_What needs to be done_
What is needed is an exact reproduction of the listing, without its pictures.

_Data excerpt_
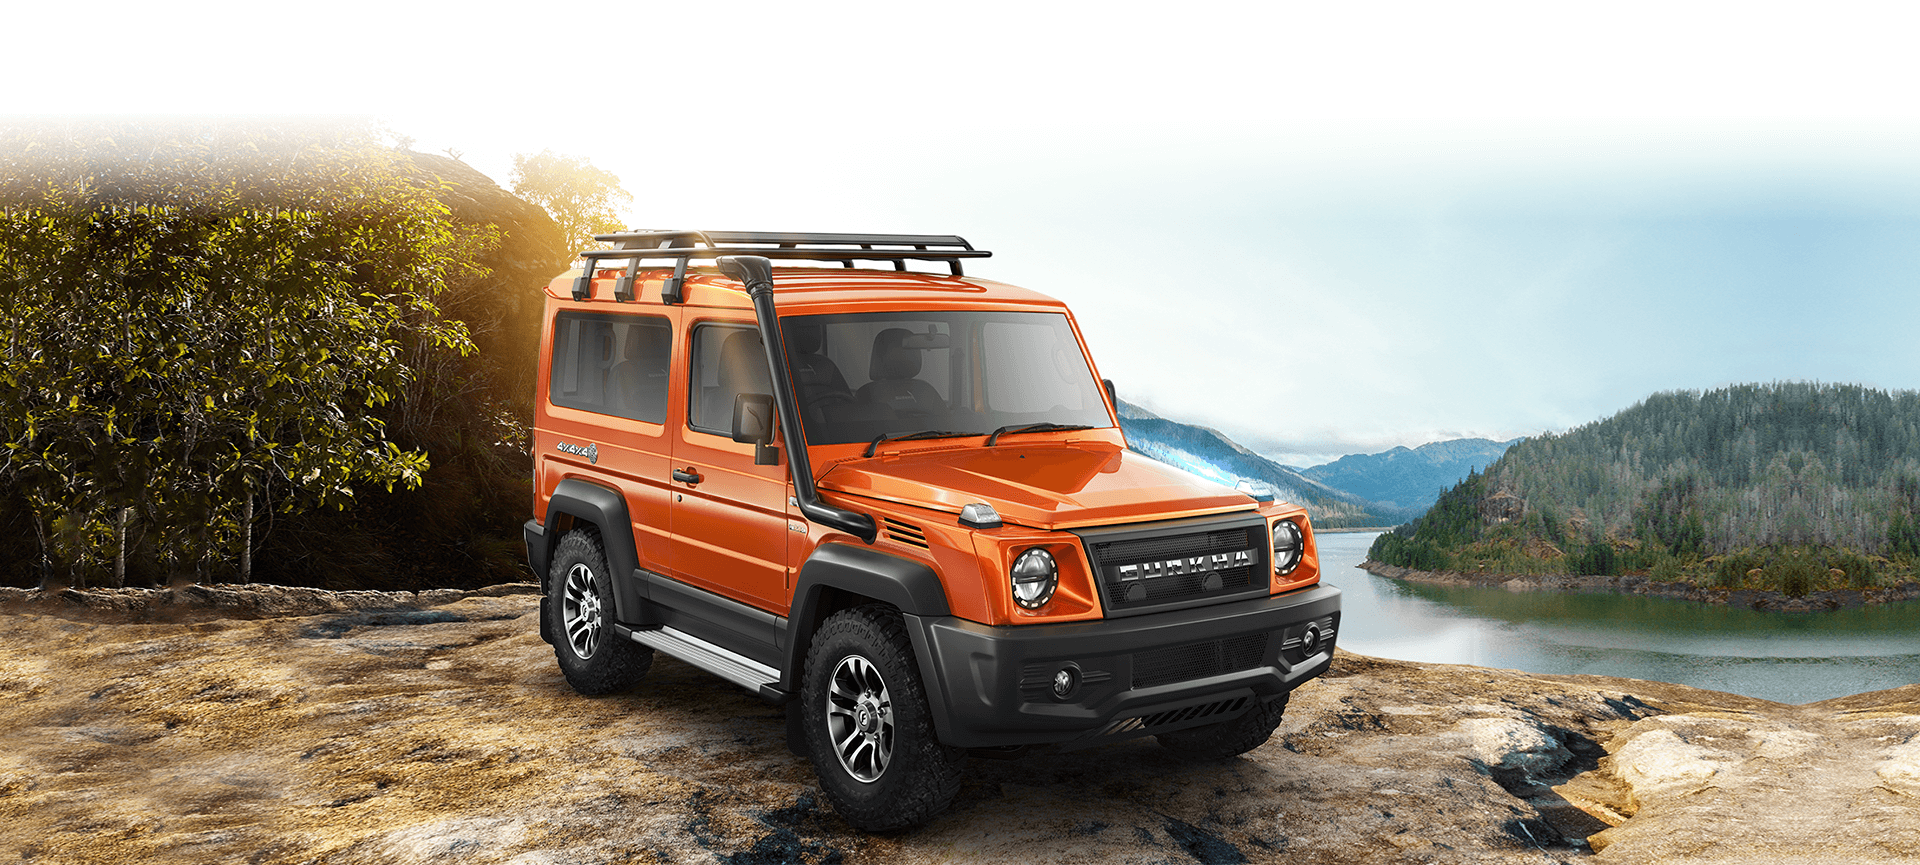 Read more about the article Force Gurkha 5 Door Launch Date In India & Price: Launch soon with powerful performance
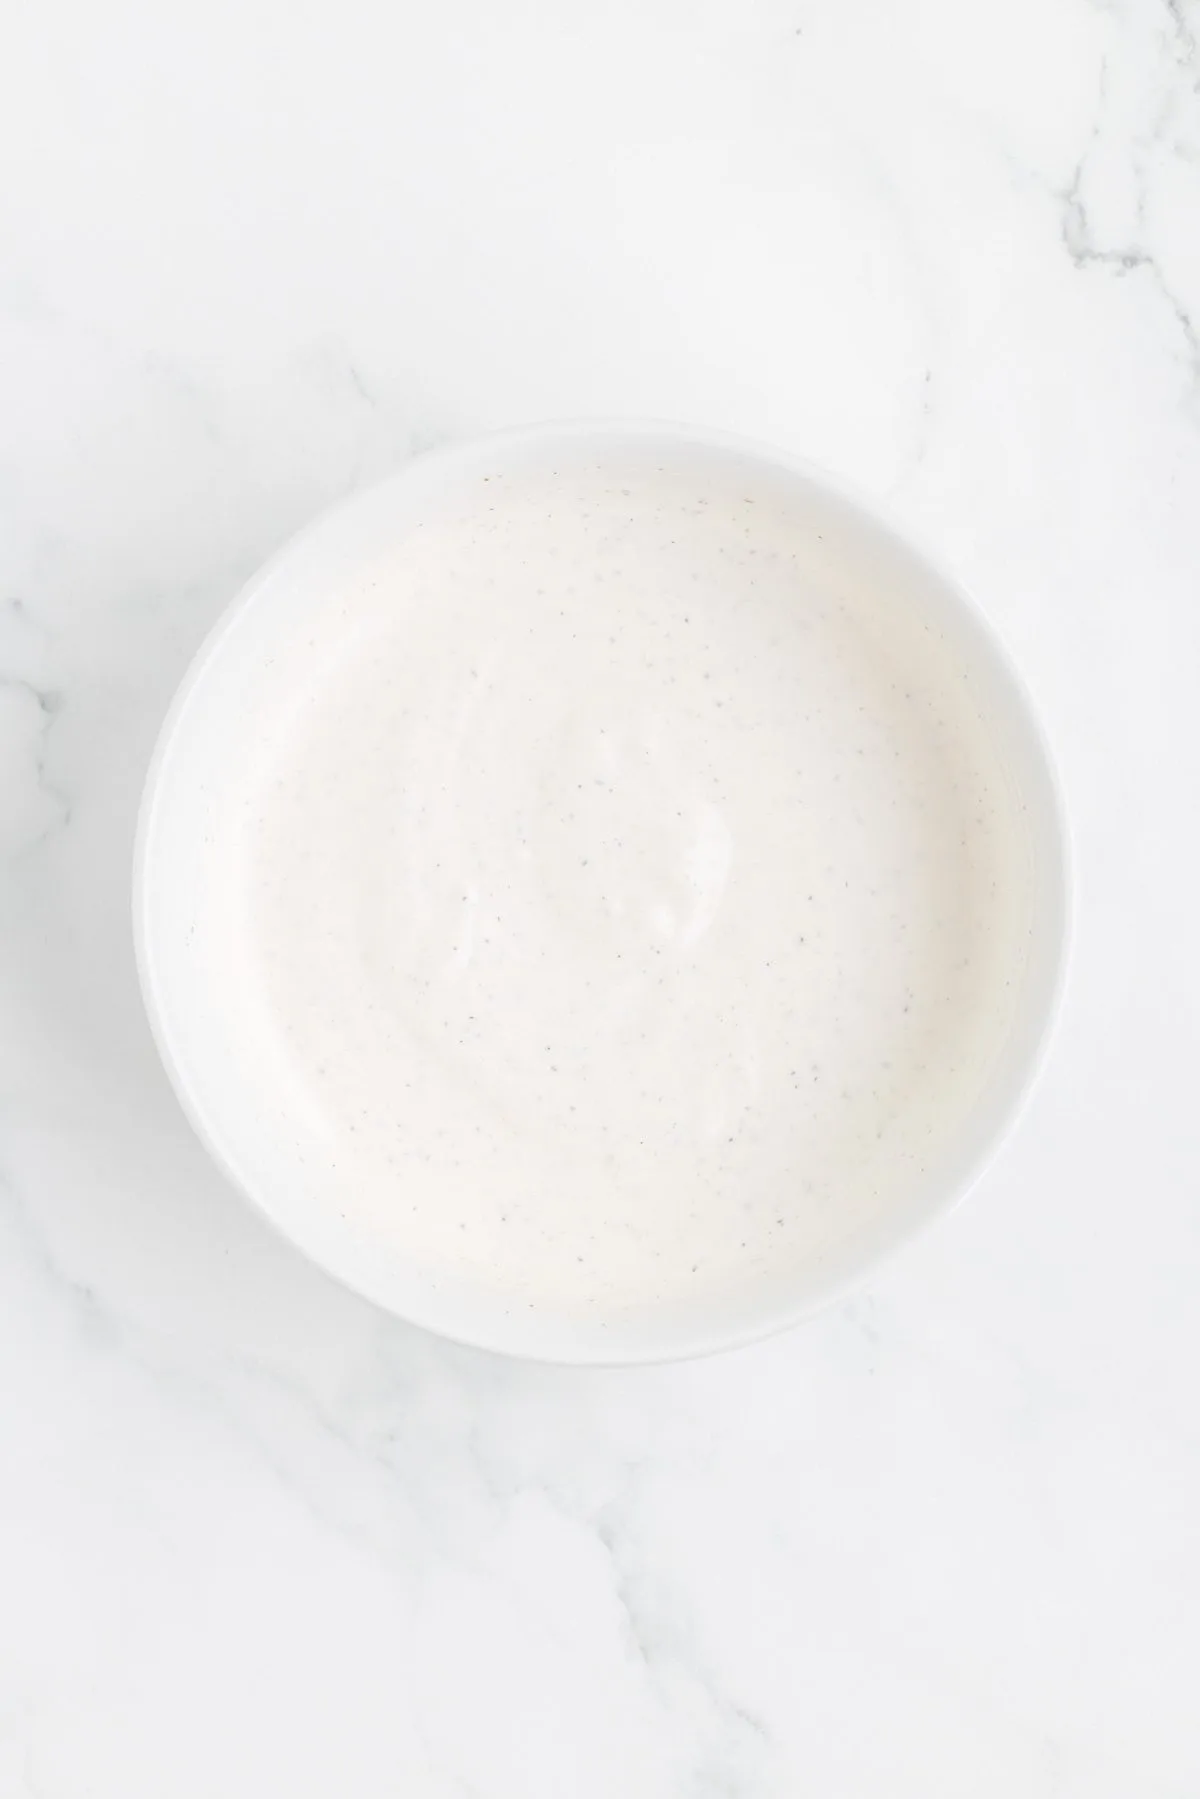 mayo and sour cream dressing in a mixing bowl
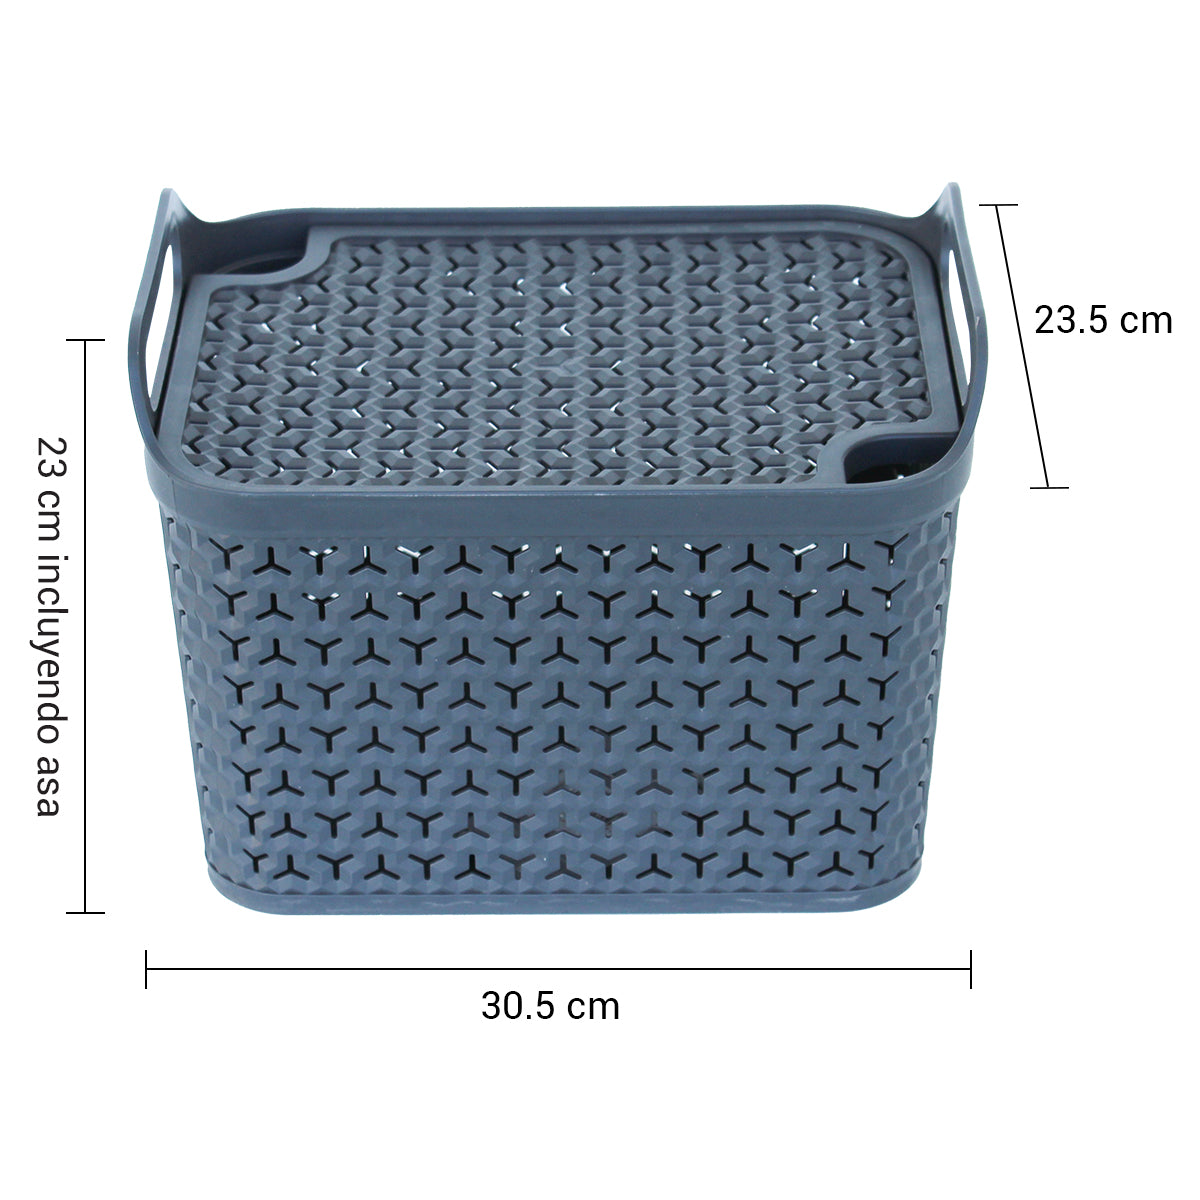 Stackable multi-purpose basket resistant basket made of recycled plastic Charcoal Gray Strata HW123
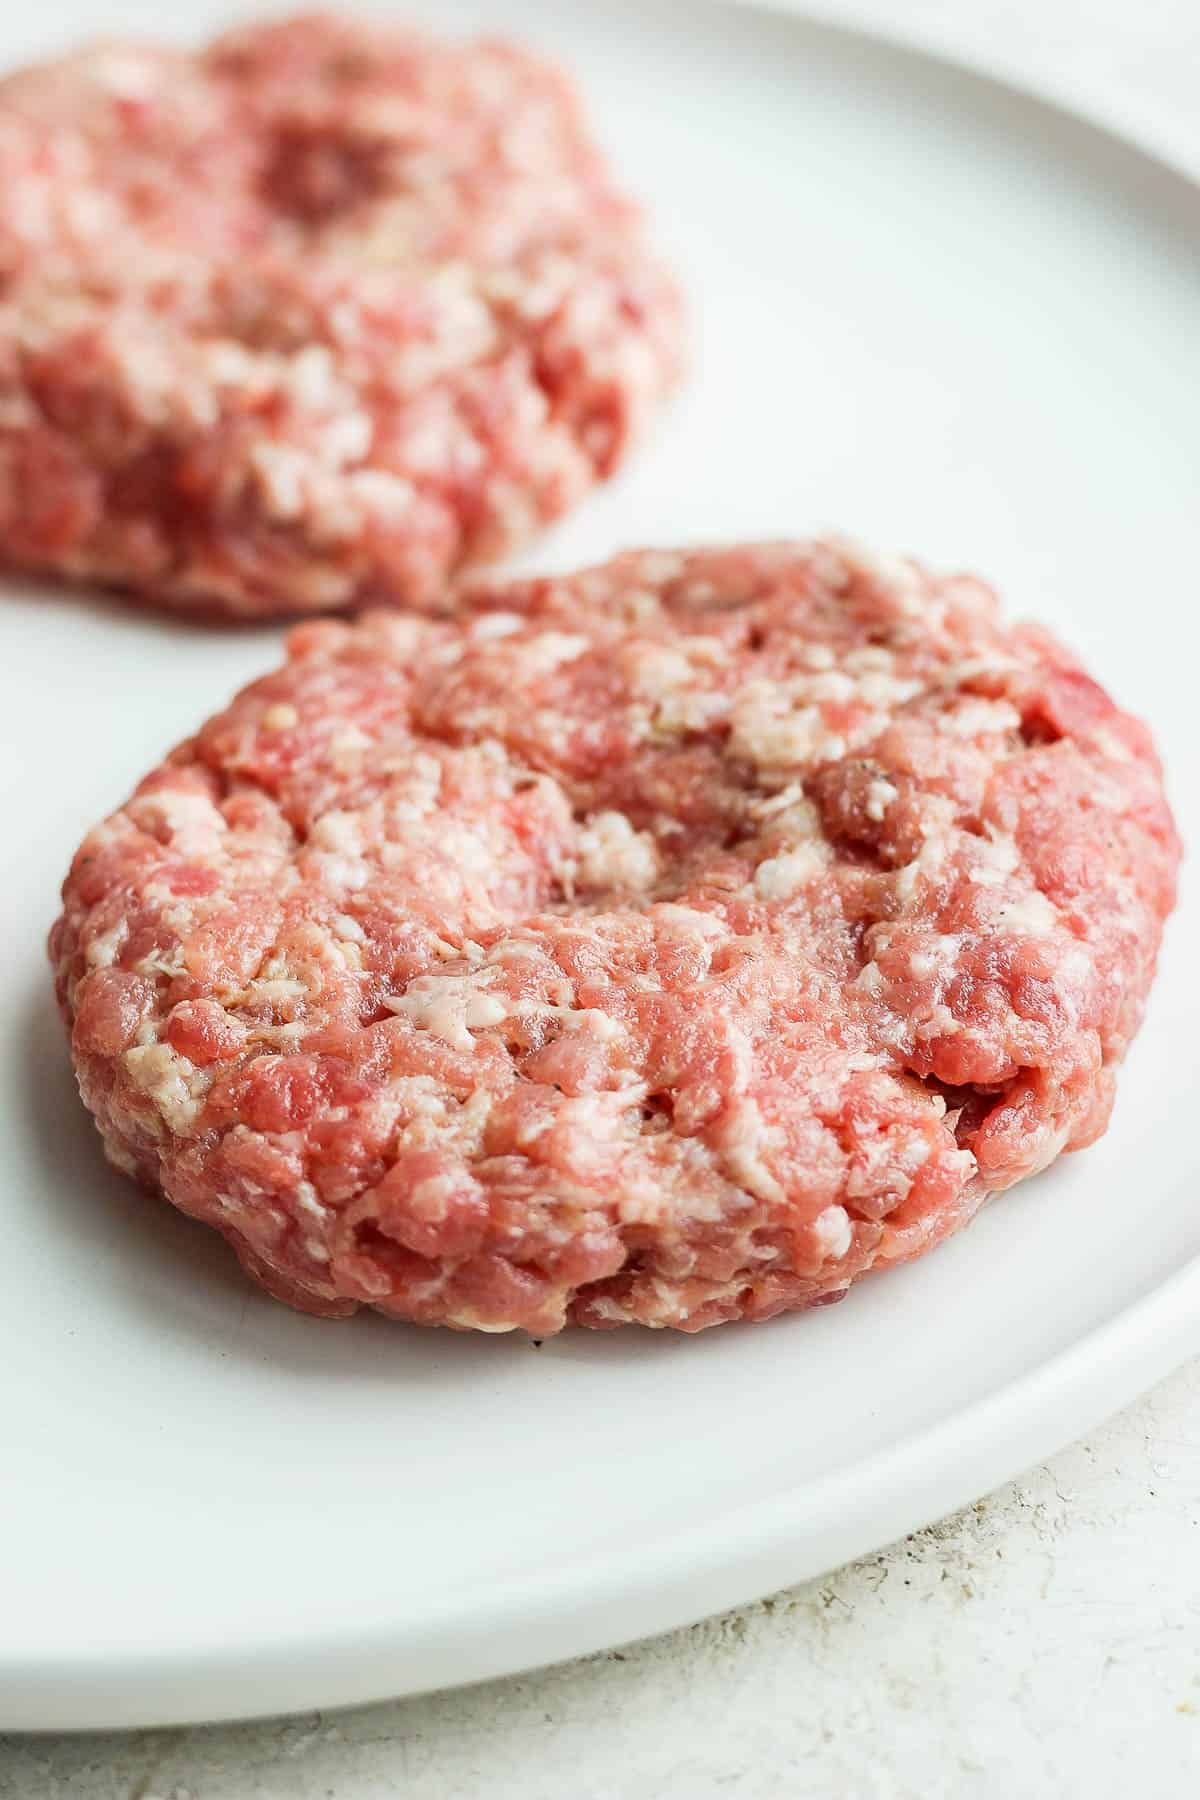 Pork burger patties on a white plate before cooking.

_Final answer_
 Read more about the article Force Gurkha 5 Door Launch Date In India & Price: Launch soon with powerful performance
 mayo and sour cream dressing in a mixing bowl
 Stackable multi-purpose basket resistant basket made of recycled plastic Charcoal Gray Strata HW123
 Pork burger patties on a white plate before cooking.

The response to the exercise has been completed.